= Tommy Pallotta =

American film director and producer (born 1968)

Tommy Pallotta (born May 25, 1968, in Houston, Texas) is an American film director and producer.

==Biography==
Pallotta received a degree in philosophy from the University of Texas at Austin. There, he met Richard Linklater and began his film career as an actor and production assistant on Linklater's directorial debut, Slacker (1991). After working on numerous films and commercials, Pallotta wrote, directed and produced his first film, The High Road (1997). He also produced several of Bob Sabiston's animated projects including: Roadhead (1999), which received the Best Animation award at the Aspen Film Festival; a series of interstitials for MTV; Snack and Drink (1999), a three-minute short about an autistic child in a 7-Eleven store, which is now part of the permanent collection of the New York Museum of Modern Art; and Figures of Speech (2000), a series of interstitials for PBS.

He then connected his animation experience with Linklater in Waking Life (2001). Waking Life was the first independently financed and produced computer animated feature. The film was subsequently nominated for three Independent Spirit Awards, including Best Picture.

Pallotta also directed the first machinima produced music video, In the Waiting Line (2003), using the animation engine from the Quake 3 video game, and the rotoscoped MTV "Breakthrough Video" Destiny (2002), both for the band Zero 7. The Microsoft Research and Development team recognized Pallotta for his "penchant for innovation" where he helmed an interactive project based on Jonathan Lethem's novel Amnesia Moon (2004), which was an experiment that was not released to the public.

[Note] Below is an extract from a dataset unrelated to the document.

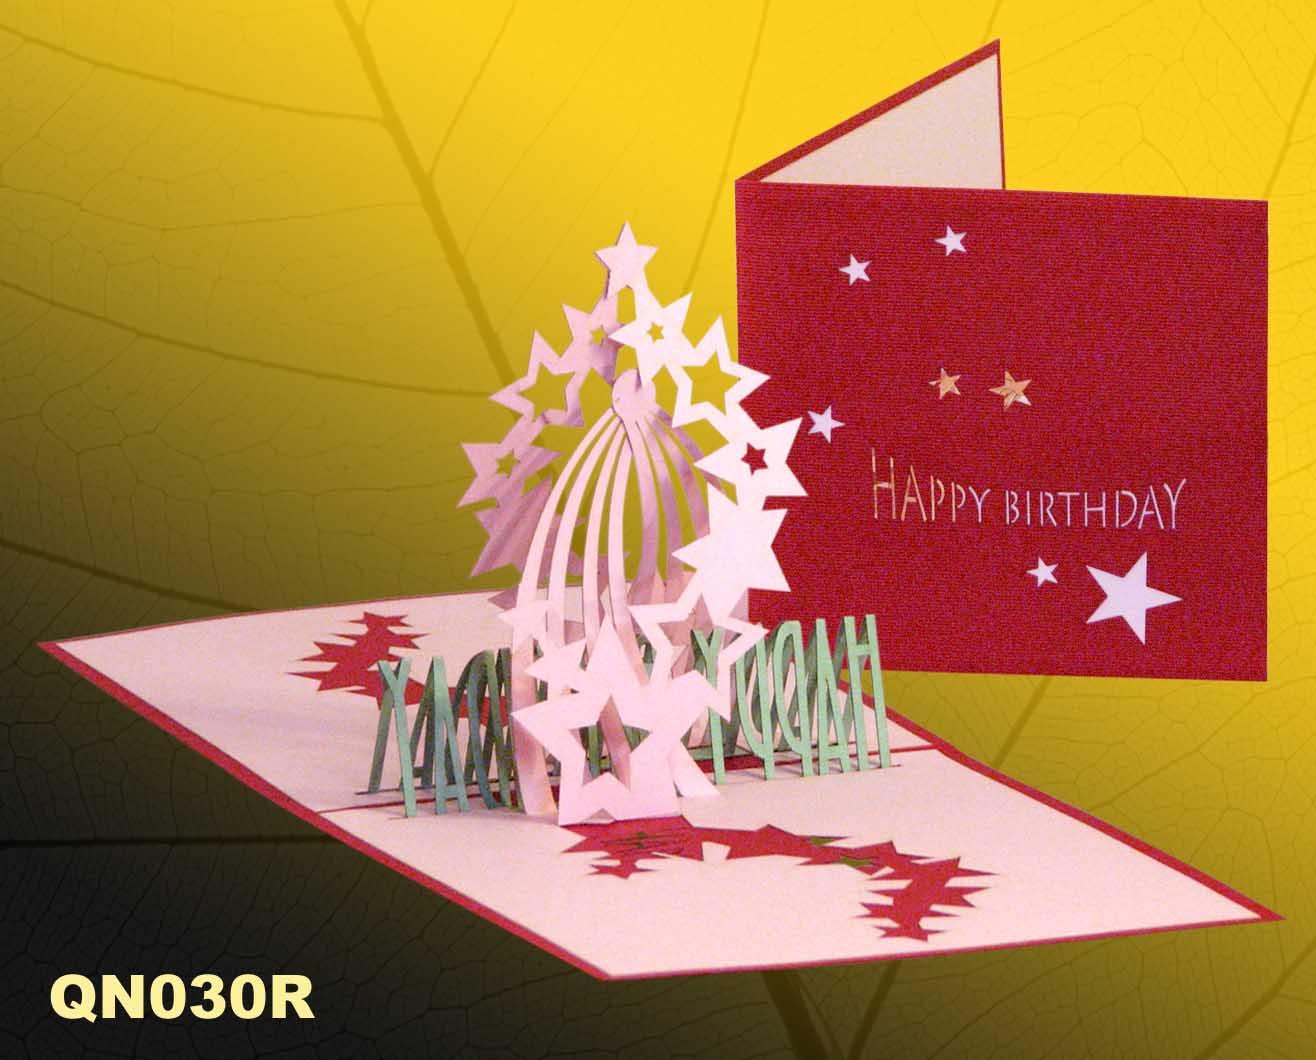 Birthday star 2 pop up handmade greeting cards qn030 kristyandbryce Images

He then returned to the film industry with his frequent collaborator, Linklater, to produce A Scanner Darkly (2006) based on the novel of the same name by Philip K. Dick and starring Keanu Reeves. Pallotta's newest production is a transmedia thriller based around Energy and Peak Oil called Collapsus, directed by Tommy Pallotta and developed by Submarine Channel.

==Selected filmography==

- High Road (1996, producer and director)
- Roadhead (1999, producer)
- Snack and Drink (2000, producer)
- Figures of Speech (2000, producer)
- Waking Life (2001, producer)
- Hell House (2001, associate producer)
- Destiny (video) (2002, director)
- In the Waiting Line (video) (2003, director)
- A Scanner Darkly (2006, producer)
- American Prince (2009, producer and director)
- Boyhood (2013, producer)
- Apollo 10 1⁄2: A Space Age Childhood (2022, producer)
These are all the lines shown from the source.